Today, of course, Hollywood realises the true value of dinosaurs, time travel, aliens, and cheesy special effects: the producers invested $100 million to get it just so. And US box office has flatlined at less than half that number, making this a costly miscalculation.

Will Ferrell is Dr Rick Marshall, a brilliant scientist and/or complete nutball, a man who believes he holds the answer to saving the earth: Time Warps. Ridiculed and rejected by his peers, Marshall is challenged to put his theories to the test by Cambridge research student Holly Cantrell (Anna Friel).

To his astonishment, the tachyon amplifier device he rigs up out of an old boombox works only too well. Together with Will Stanton (Danny McBride) a redneck carny worker who happens to be in the wrong place at the wrong time, Dr Rick and Holly are transported to a temporal vortex, a land where dinosaurs, primates and sundry detritus from the twentieth century co-exist. This earth-like environment has also attracted an alien species, the “Sleestaks”, who resemble bug-eyed lizard monsters from a low budget 50s horror movie.

All the elements are in place for a fun family adventure, except, that is, for the script.

‘Land of the Lost’ is a fair description of the aimless, rambling regress as our hapless trio seeks a way back home. Dr Rick gets into a grudge match with a T Rex that Holly nicknames “Grumpy”; douses himself in dino pee, and picks up a hairy but communicative ape-man, Cha-Ka (Jorma Taccone). Otherwise, they run around in circles a lot.

It feels more like a whistle-stop tour of a rather rundown theme park than an actual story.

It doesn’t help that director Brad Silberling (Moonlight Mile) has evidently decided this is just too silly for words and encouraged his team to camp it up. That goes for the production design, which is intentionally threadbare, hokey music choices (with extracts from A Chorus Line featuring prominently), and especially Ferrell and McBride, who seem to have been given free rein to riff at random.

I’m a Ferrell fan – and enjoyed McBride’s antics in Pineapple Express – but their risqué improv style feels out of place in a movie aimed at younger viewers. A puerile running gag involves Cha-Ka fondling Holly’s breasts (poor Anna Friel suffers this indignity with the contempt it deserves). In another scene the three males get high on the local fruit juice and come close to making out. Then there’s the low point when Dr Rick decides to give up, unzips his fly and announces his intention to comfort himself… I don’t know, maybe this is funny to a ten-year-old, but their parents are more likely to feel uncomfortable at such relentlessly off-colour gags.
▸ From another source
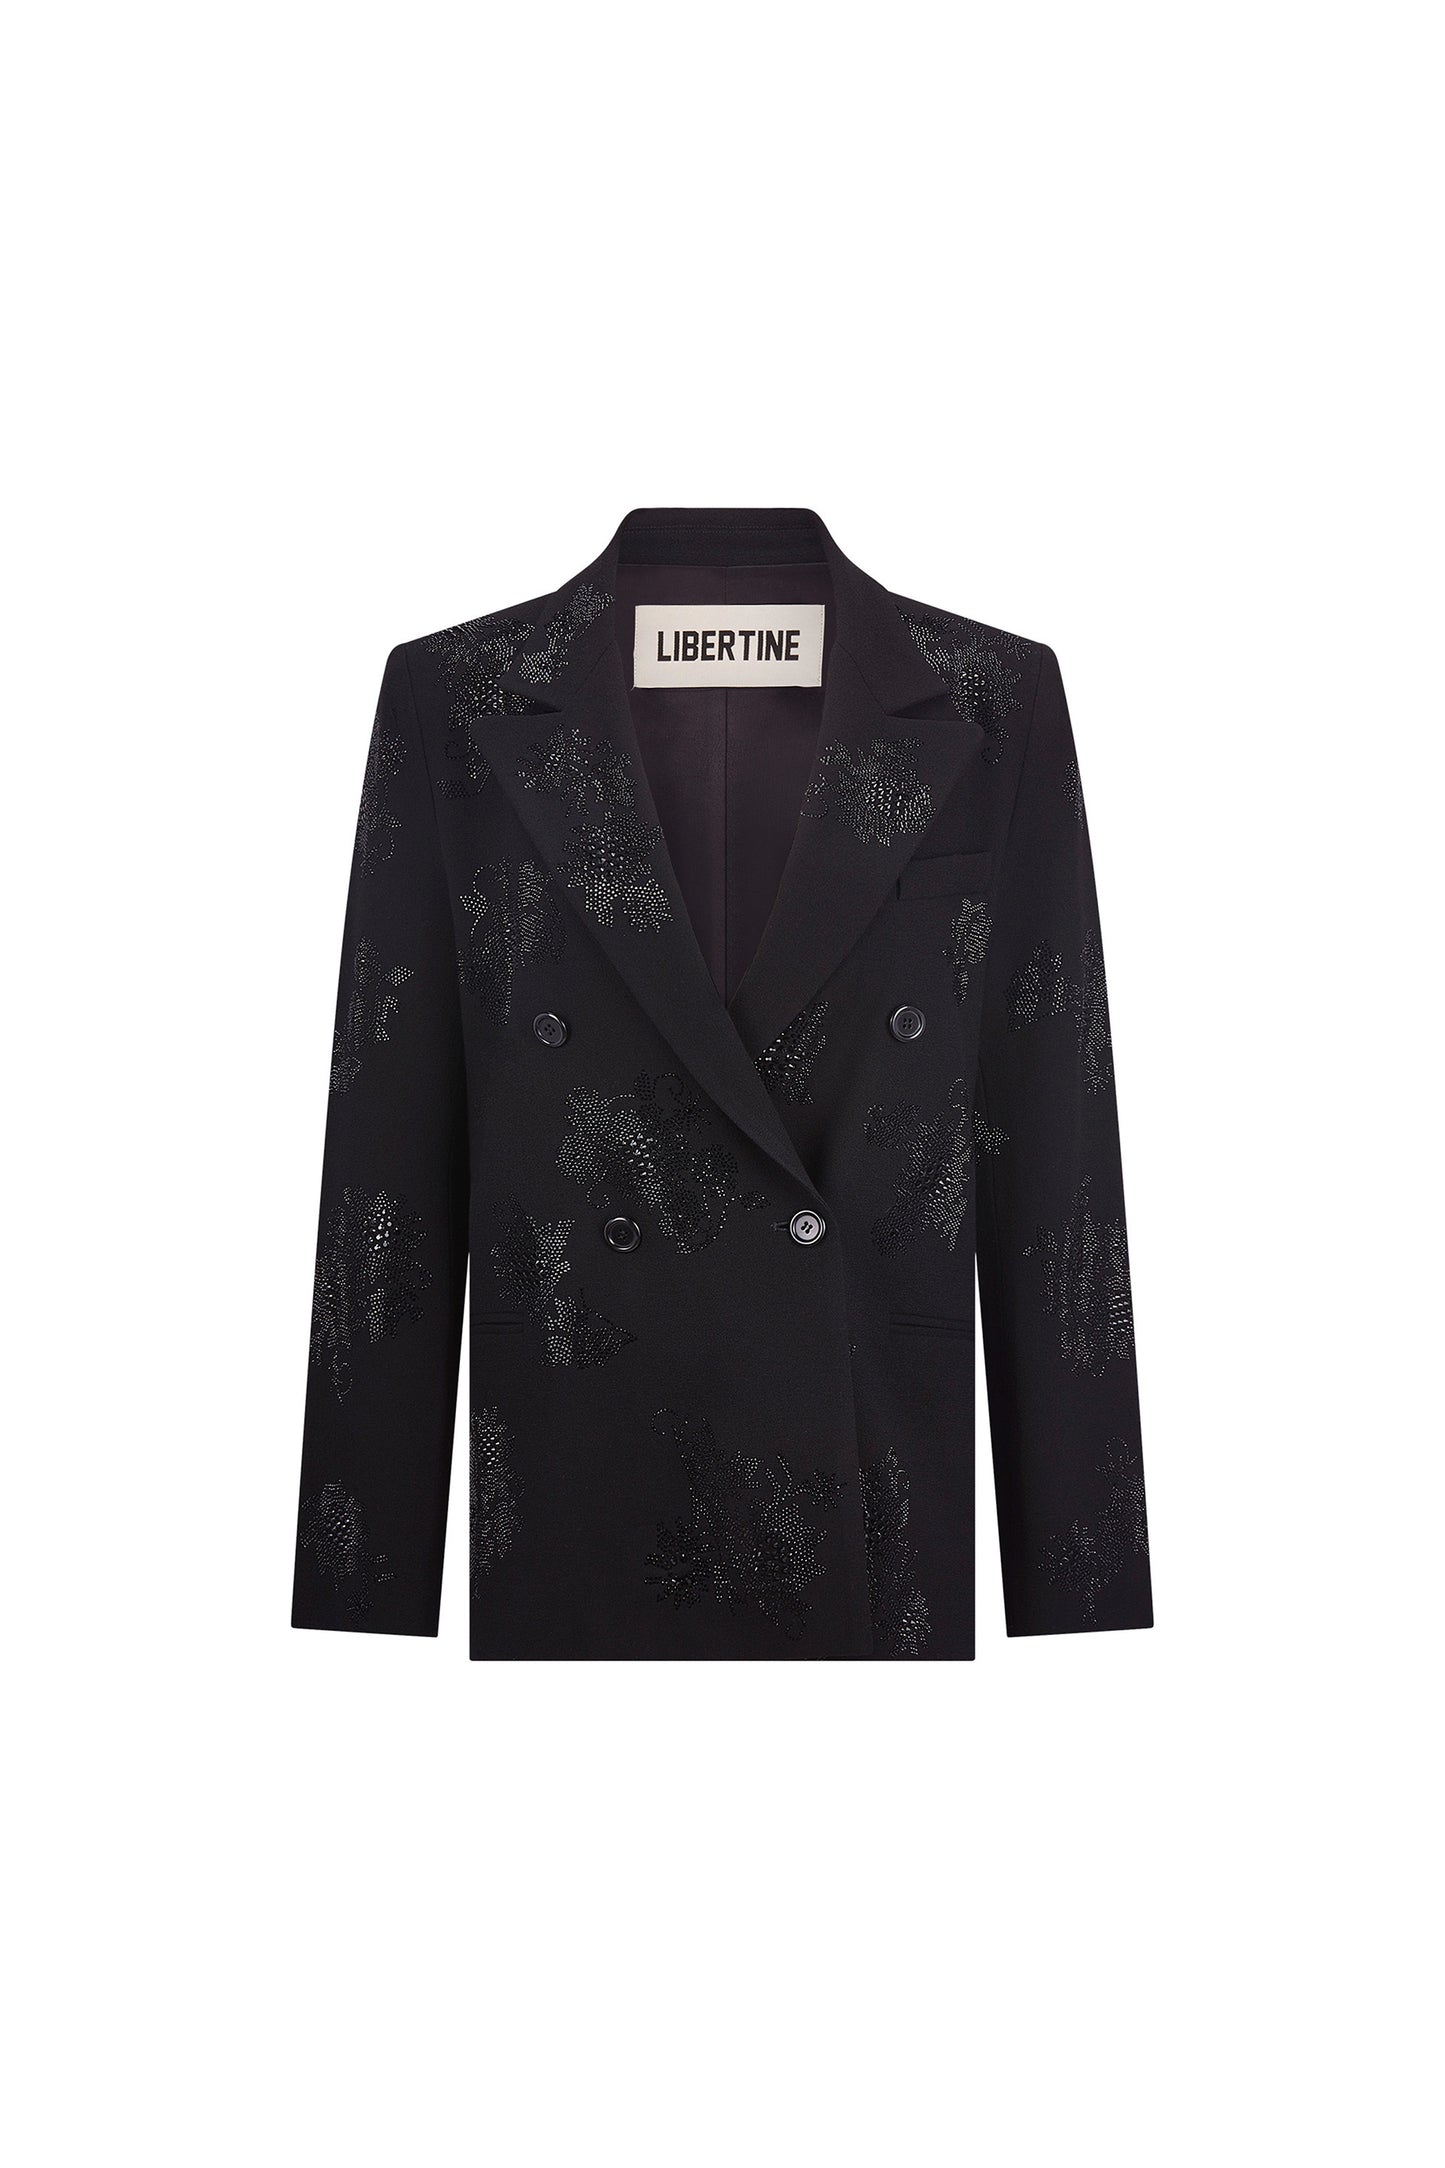 'GOTHIC GARDEN' DOUBLE BREASTED JACKET -  - Libertine
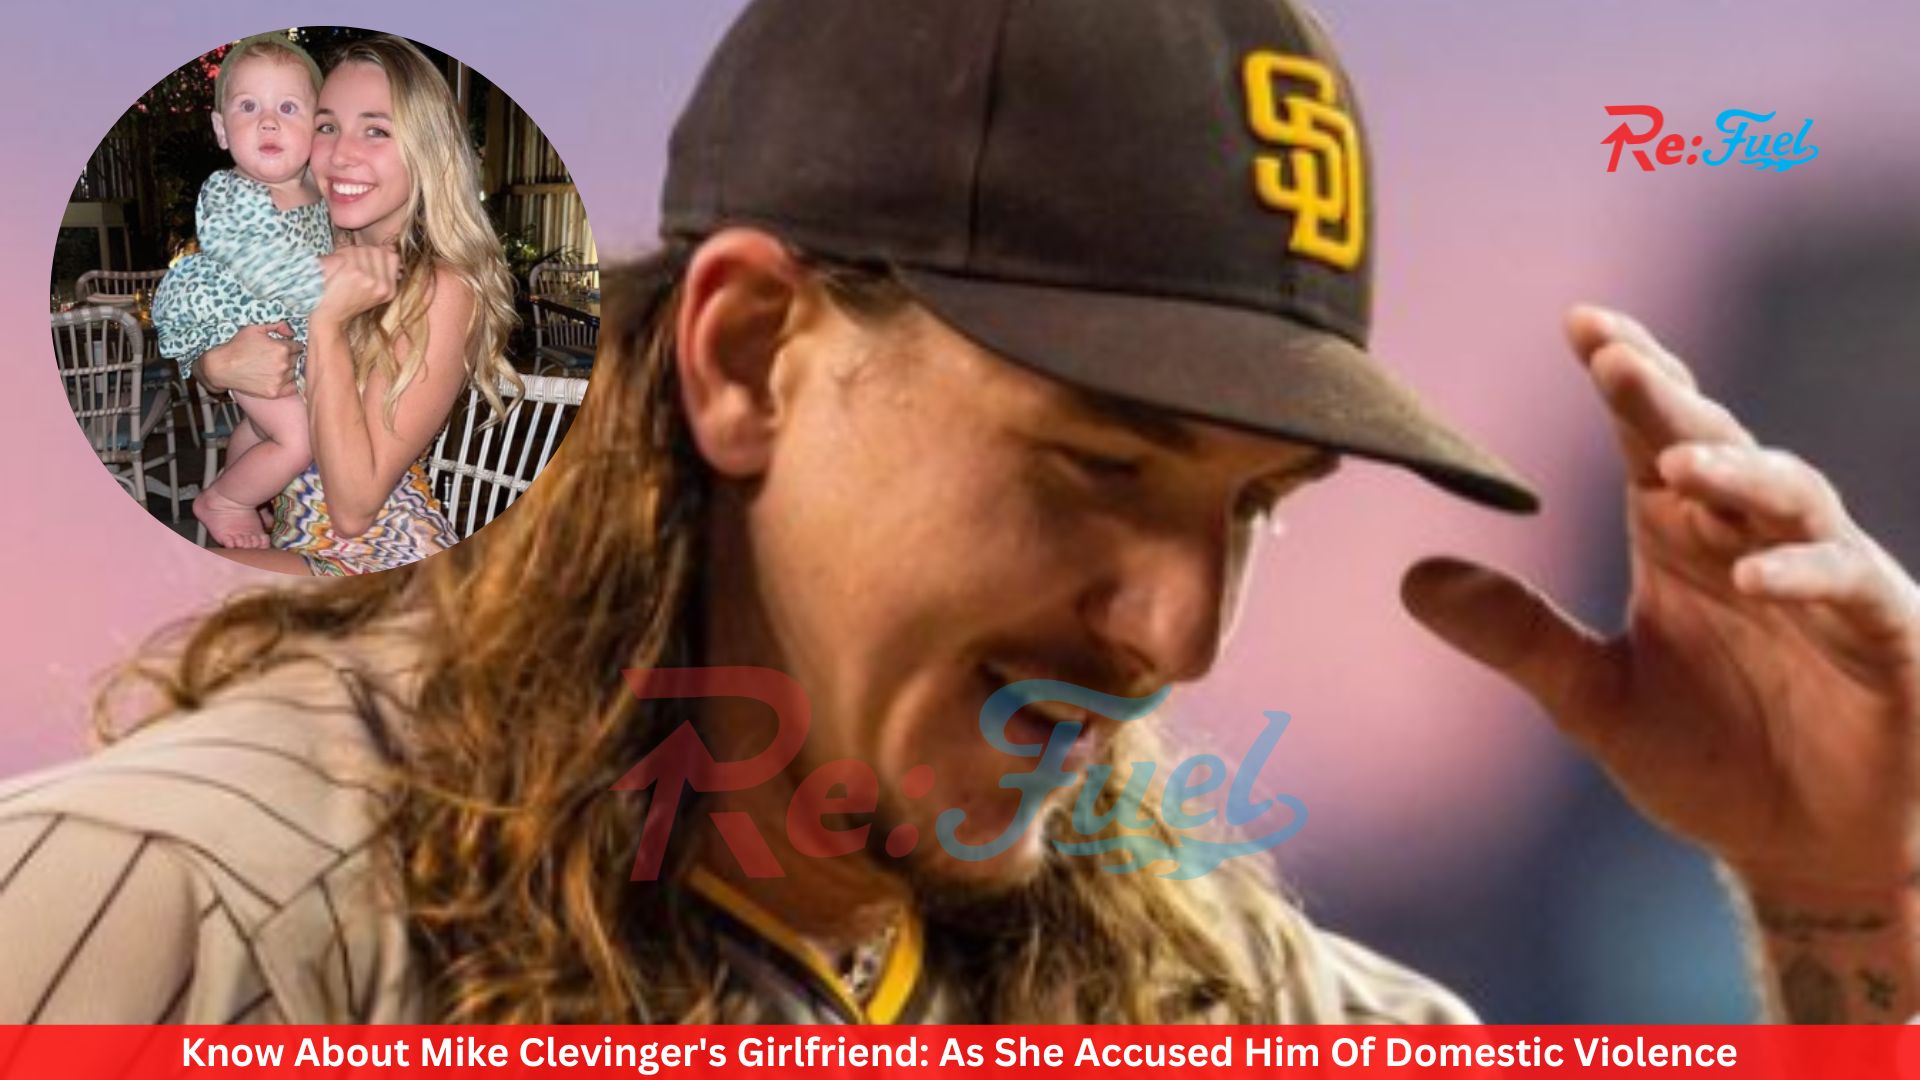 Know About Mike Clevinger's Girlfriend: As She Accused Him Of Domestic Violence

On the other hand, youngsters won’t be picking up the multiple, junky pop culture references, including Mysterious Island, The In-Laws, not forgetting the original show.

Ferrell’s trademark dumbbell bluster does generate a few giggles, and you certainly couldn’t accuse him of taking himself too seriously. Apparently there is nowhere this man won’t go for a laugh – including a top-to-bottom trip through a dinosaur’s digestive tract.

Ho-hum. There will be worse films this year, and I’d rather sit through this self-indulgent goof-off again than suffer more bombastic overkill from Michael Bay, but really, there have to be better ways to waste time than this. At least we’ll be spared a sequel.